The UK’s competition and consumer watchdog has followed the lead of its US counterpart and put the sensitive yet seminal issue of behavioural advertising in its sights.

Addressing businesses, customers and marketers, the Office of Fair Trading said it wanted views before it probes the online advertising practices which could potentially hurt consumers.

The study’s remit includes a look at the use of personal information in marketing, typically where a consumer’s past online activity is used to provide them with tailored promotions.

Online behavioural advertising, or OBA, has become such a contentious issue in the US, largely on the back of misfires from its practitioners, that a set of principles have been issued.

Although the guidelines are industry-led, they were ordered by officials at the Federal Trade Commission, concerned at how companies practising OBA should achieve disclosure.

Keen to embrace a self-regulatory approach, US advertisers promptly drew up some OBA standards in answer to the Fed, which said consumers deserve a choice over such practices.

In a nod to the concerns of US authorities, the OFT said it wanted to keep pace with the constantly evolving way that business advertises, and would particularly focus on the internet.

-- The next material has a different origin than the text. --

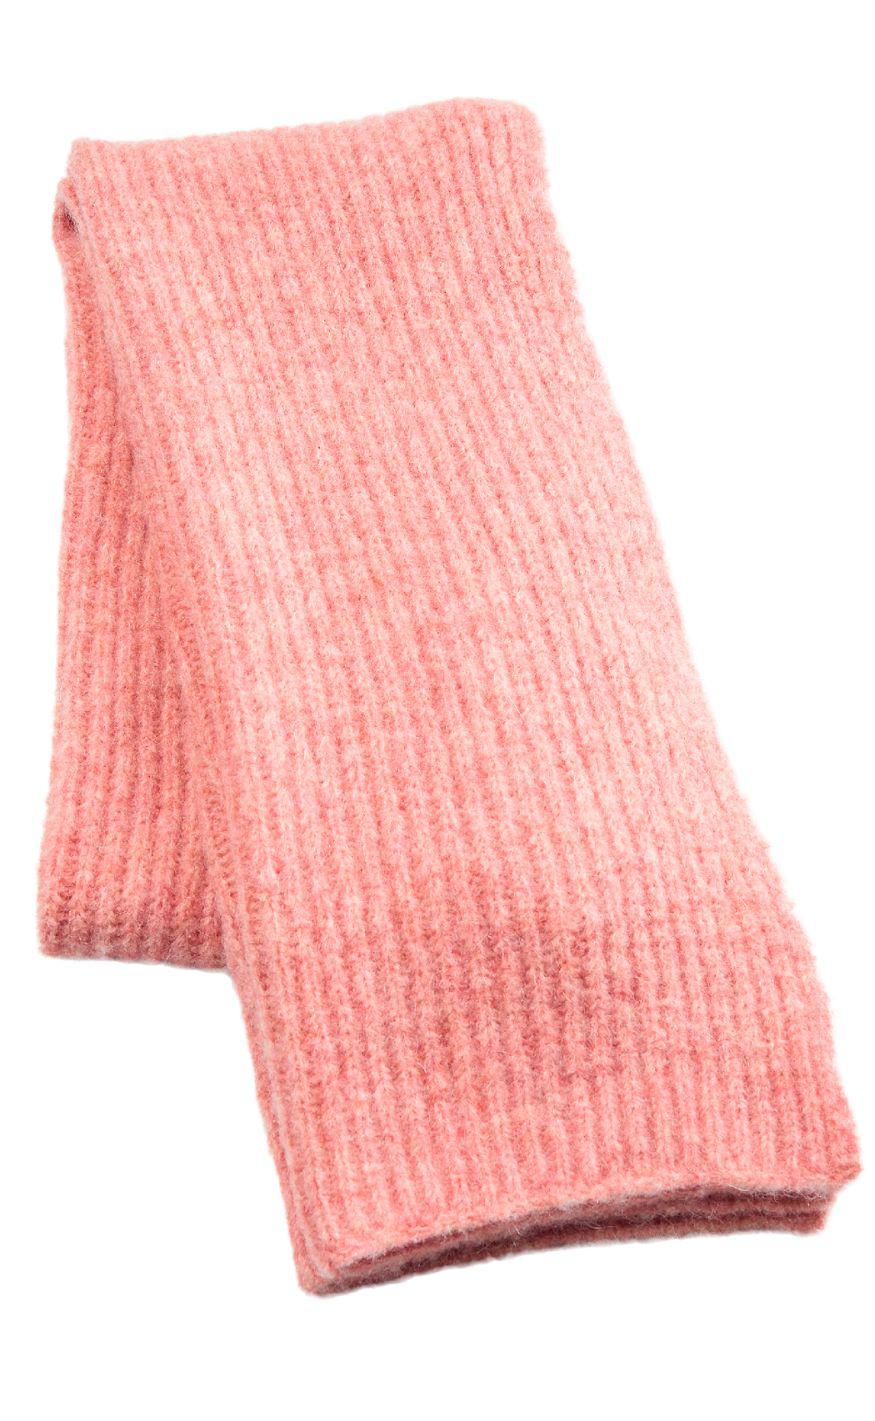 #1 på vores liste over tørklæder er Tørklæde

Its officials also hinted they had not ruled out new regulations, as their study will “look at the application of consumer law” to advertising and pricing models, which may be “detrimental” to consumers.

Instead of recommendations to ministers or regulators, the OFT’s study could prefer to conclude with guidelines, with no force of law, for advertisers, businesses, and/or consumers.

The office added it was prepared to examine advertising practices “where information from a consumer's online activity is used to target the internet advertising he or she receives.”

Specific parties in the private sector will be contacted for their input to help inform the analysis.

But in the meantime, consumers, businesses and other outfits affected by the study’s remit could write in to suggest where it should focus, said Heather Clayton, a director at the OFT.

Reflecting on the market probe, the watchdog invited suggestions for its scope, views and areas of focus no later than September 18, 2009.

It added: “We will consider the responses before finalising the scope and launching the market study in the autumn. At that point, we will set out the final scope of the study and the nature of the work we will be undertaking. There will then be an opportunity for interested parties to make substantive submissions on those issues”.